Review of the 2009 manufactures guidelines for their mitten product revealed, the device was classified as a limb restraining device and required a physician's prescriptive order and was for use in healthcare facility only. The manufacturer's guideline further directed staff to make a complete assessment of the patient to ensure restraint use was appropriate. This printed directive instructed to use a restraint when all other options had failed and that patient's had a right to be free from restraint. The printed directive further instructed to use in accordance with a patient's individualized care plan.

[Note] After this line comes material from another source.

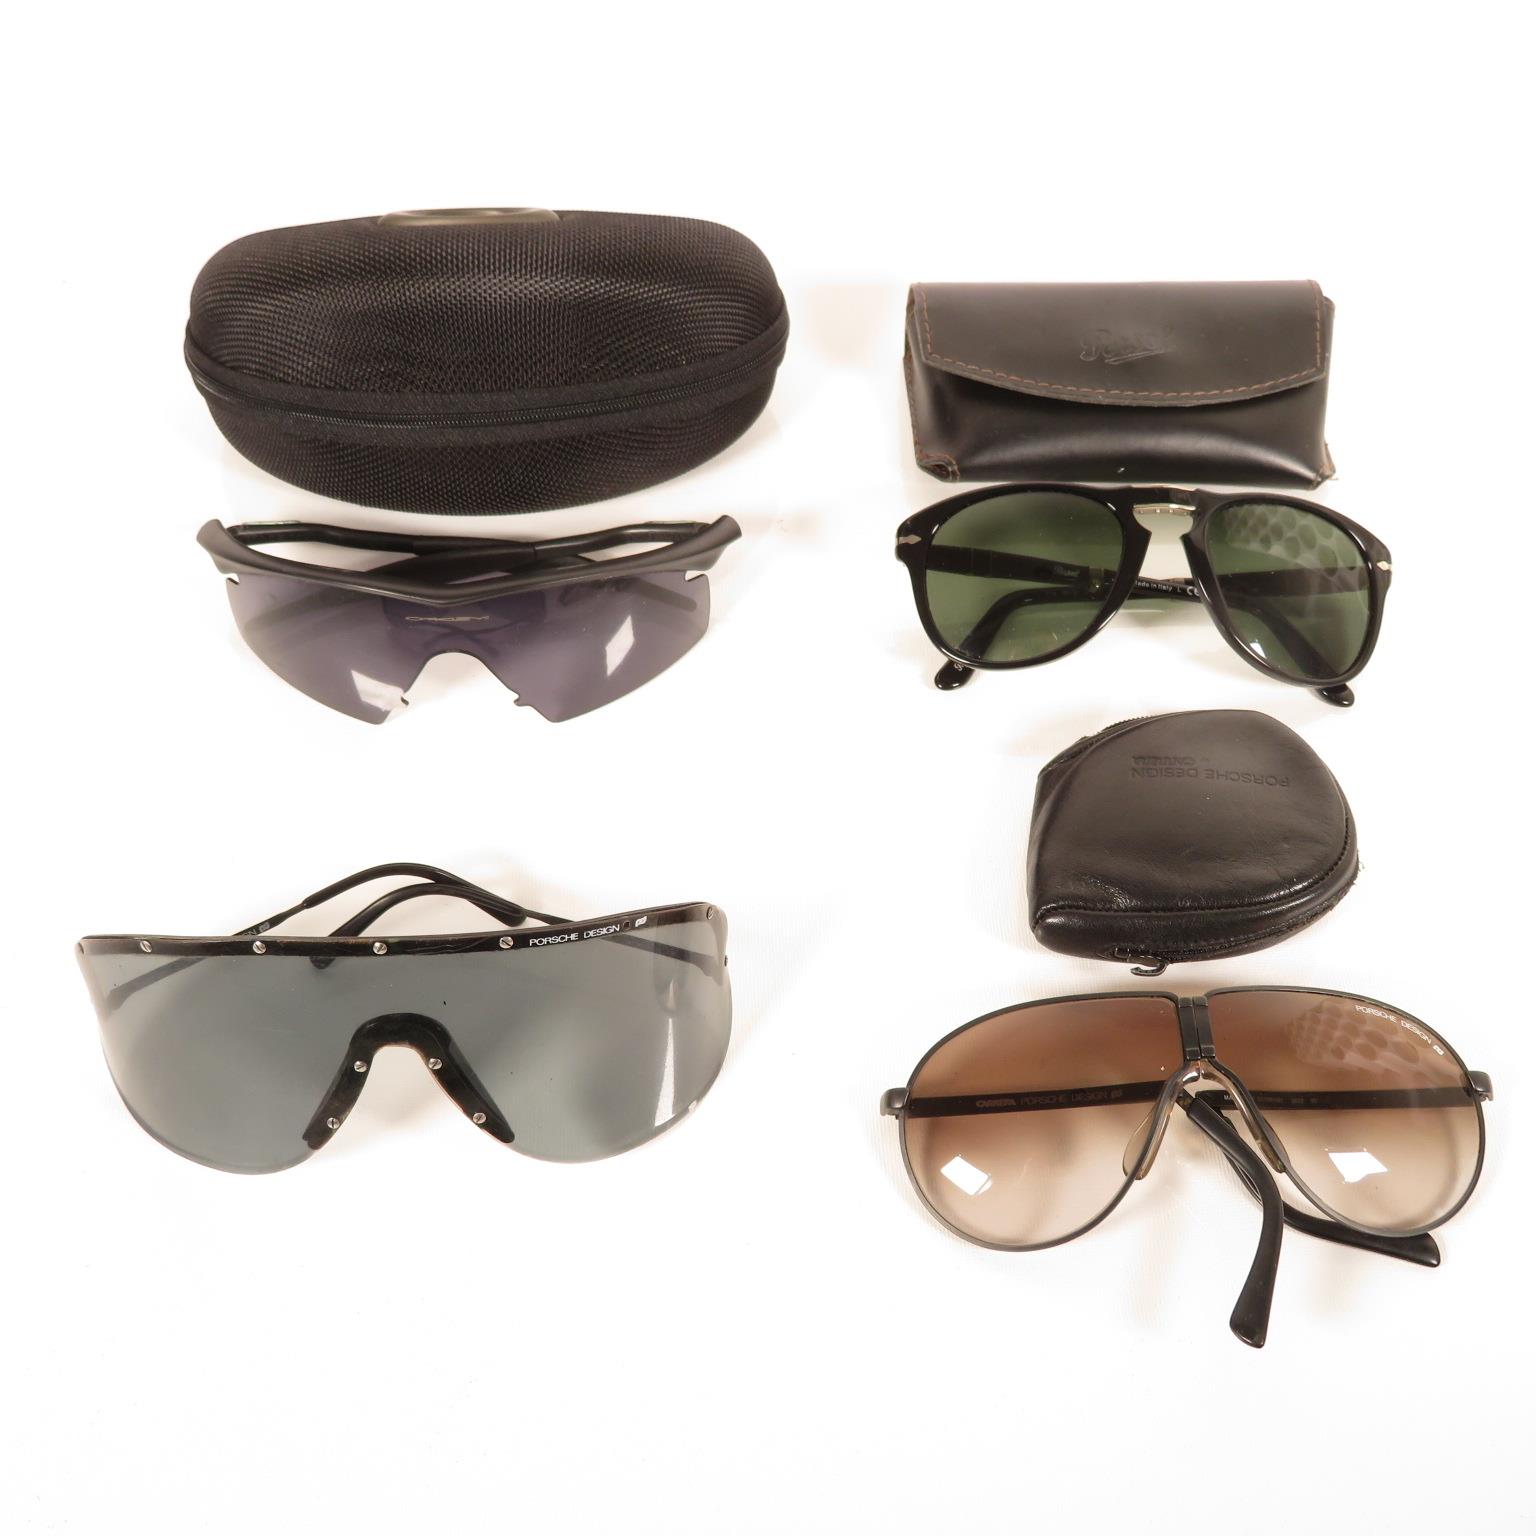 Pair of Porsche Folding Sunglasses, Per Sol folding Sunglasses, Oakley sunglasses and Porsche design

Review of the hospital's policy and procedure entitled Restraints and Seclusion with a most recent revision date of 04/12 directed that the decision to use a restraint was based on an assessment of the patient by a physician,licensed independent practitioner, or a registered nurse and that less restrictive interventions must be determined by staff to be ineffective to protect the patient or others from harm. Appendix B of this policy and procedure provided examples of less restrictive interventions prior to initiating restraints which included working with MD (physician) to remove tubes, lines, dressings, as soon as possible, or the use of protective dressing over IV/tube sites and to provide distractions or request family to sit with patients.

Interview with Staff A on 08/30/12 at 12:35 P.M. verified the manufacture directive classified this device as a limb restraint and therefore its usage would require a physician's order, assessment and plan of care to reflect the restraint usage. Staff A verified she was unable to perform simple finger and thumb grasps of commonly used items when the mitten was donned.